« Tu as déjà reçu ta prime, Julien ? » demanda Claire — mais le lendemain, son mari rentra avec un robot de cuisine et lui ordonna de quitter l’appartement qu’elle possédait

— Tu n’as pas à te mêler de la personne que je consulte ! protesta Julien, sentant son assurance lui échapper peu à peu. Je suis un homme et j’ai pris cette décision seul !

— Tu as d’abord demandé à ta mère la permission d’offrir un cadeau à ta femme pour votre anniversaire ? Tu t’entends parler ? Tu vas travailler, tu touches un salaire, mais tu ne peux disposer de ton propre argent qu’après avoir obtenu l’approbation de ta mère ? Je ne veux pas d’un mari qu’on manipule comme une marionnette.
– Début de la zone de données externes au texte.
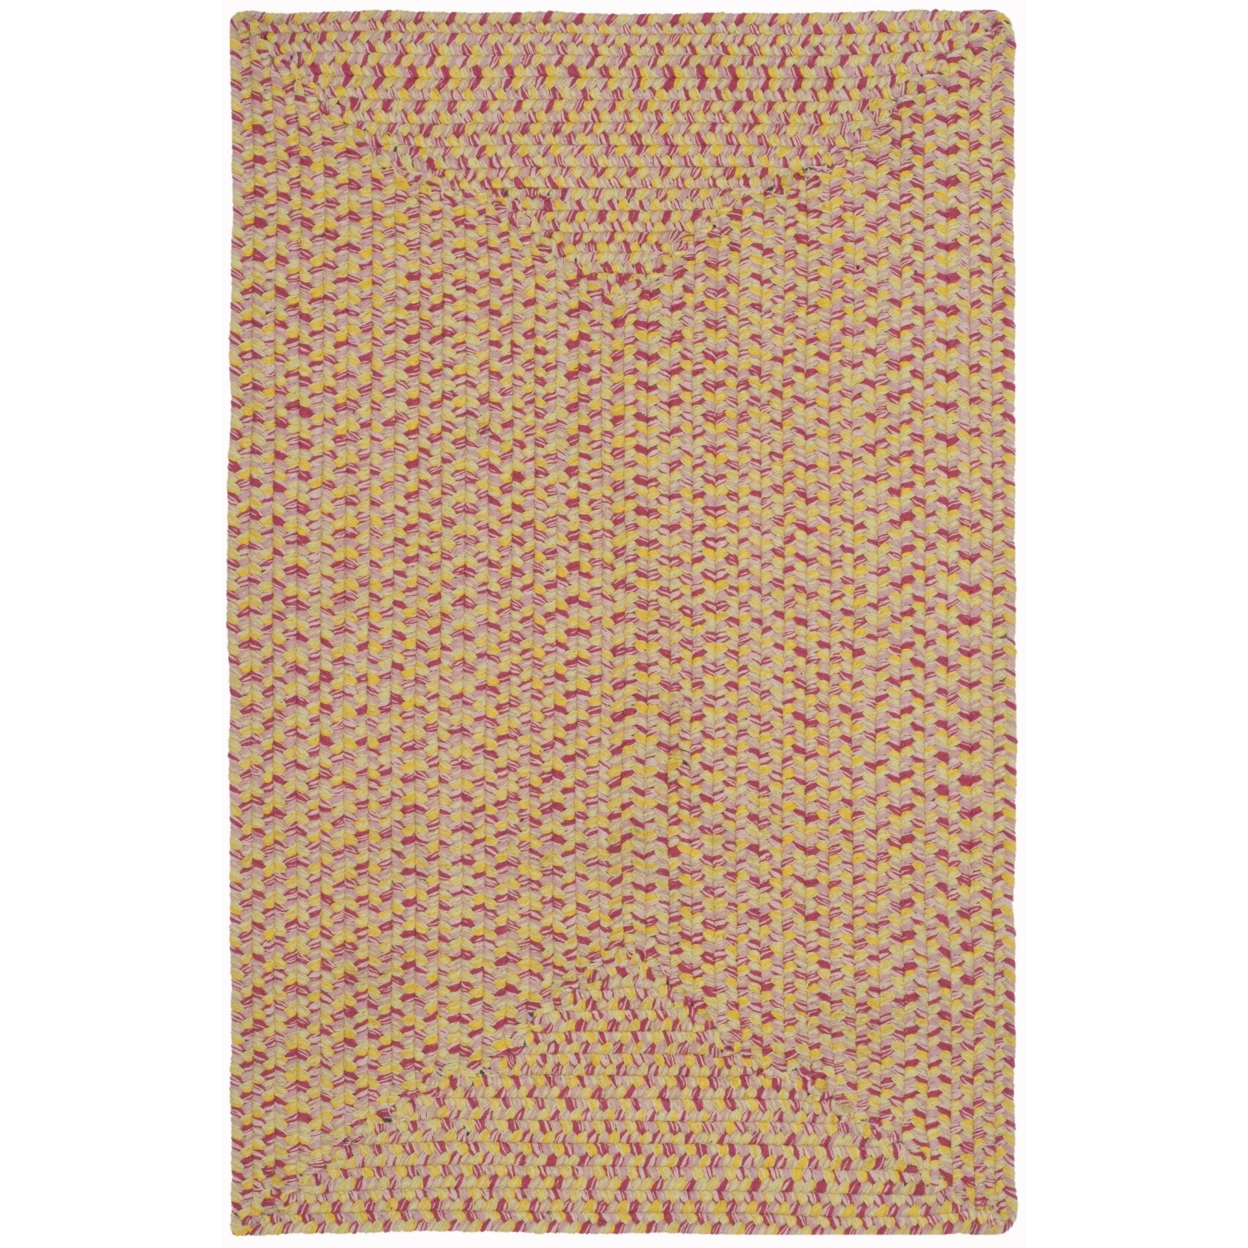 SAFAVIEH Braided Collection BRD164A Handwoven Multi Rug - 6' Square

Laisse tes clés et retourne dans ta chambre chez tes parents !

Julien recula comme si elle venait réellement de le frapper. Son visage devint rouge de colère et d’amour-propre blessé. Il tira nerveusement sur le col de sa chemise et la fixa plusieurs instants, incapable d’accepter ce qu’il venait d’entendre.

— Tu sais seulement ce que tu racontes ? Tu veux mettre ton propre mari dehors à cause d’un robot de cuisine ? Parce que j’ai refusé de donner deux mille euros à ton caprice ridicule ? Tu es une femme intéressée ! Depuis le début, tu n’en avais qu’après mon argent !

— Si j’étais intéressée, tu n’aurais pas vécu gratuitement pendant trois ans dans un appartement qui m’appartient, répondit Claire sans détourner les yeux. Et il ne s’agit pas du robot. Je te mets dehors parce que je croyais avoir épousé un homme adulte et indépendant. En réalité, j’ai découvert que je vivais avec le représentant à domicile de Monique. Dans ce mariage, il n’y avait presque jamais de toi, Julien. Il n’y avait que ses ordres, ses calculs, ses conseils et sa façon de décider comment nous devions vivre.

— C’est simplement une manière raisonnable de gérer l’argent ! se défendit-il, essayant désespérément de retrouver l’impression de contrôle qui lui échappait. Nous sommes une famille et nous devons économiser !

— La seule famille qui existe ici, c’est toi et ta mère. Moi, vous m’avez réduite à un accessoire domestique auquel il suffit d’offrir un blender en promotion pour qu’il prépare plus vite les repas.

Claire indiqua fermement le couloir.

— Laisse les clés sur la console, près du miroir. Nous allons faire tes valises maintenant. Le grand sac de voyage est sur le balcon.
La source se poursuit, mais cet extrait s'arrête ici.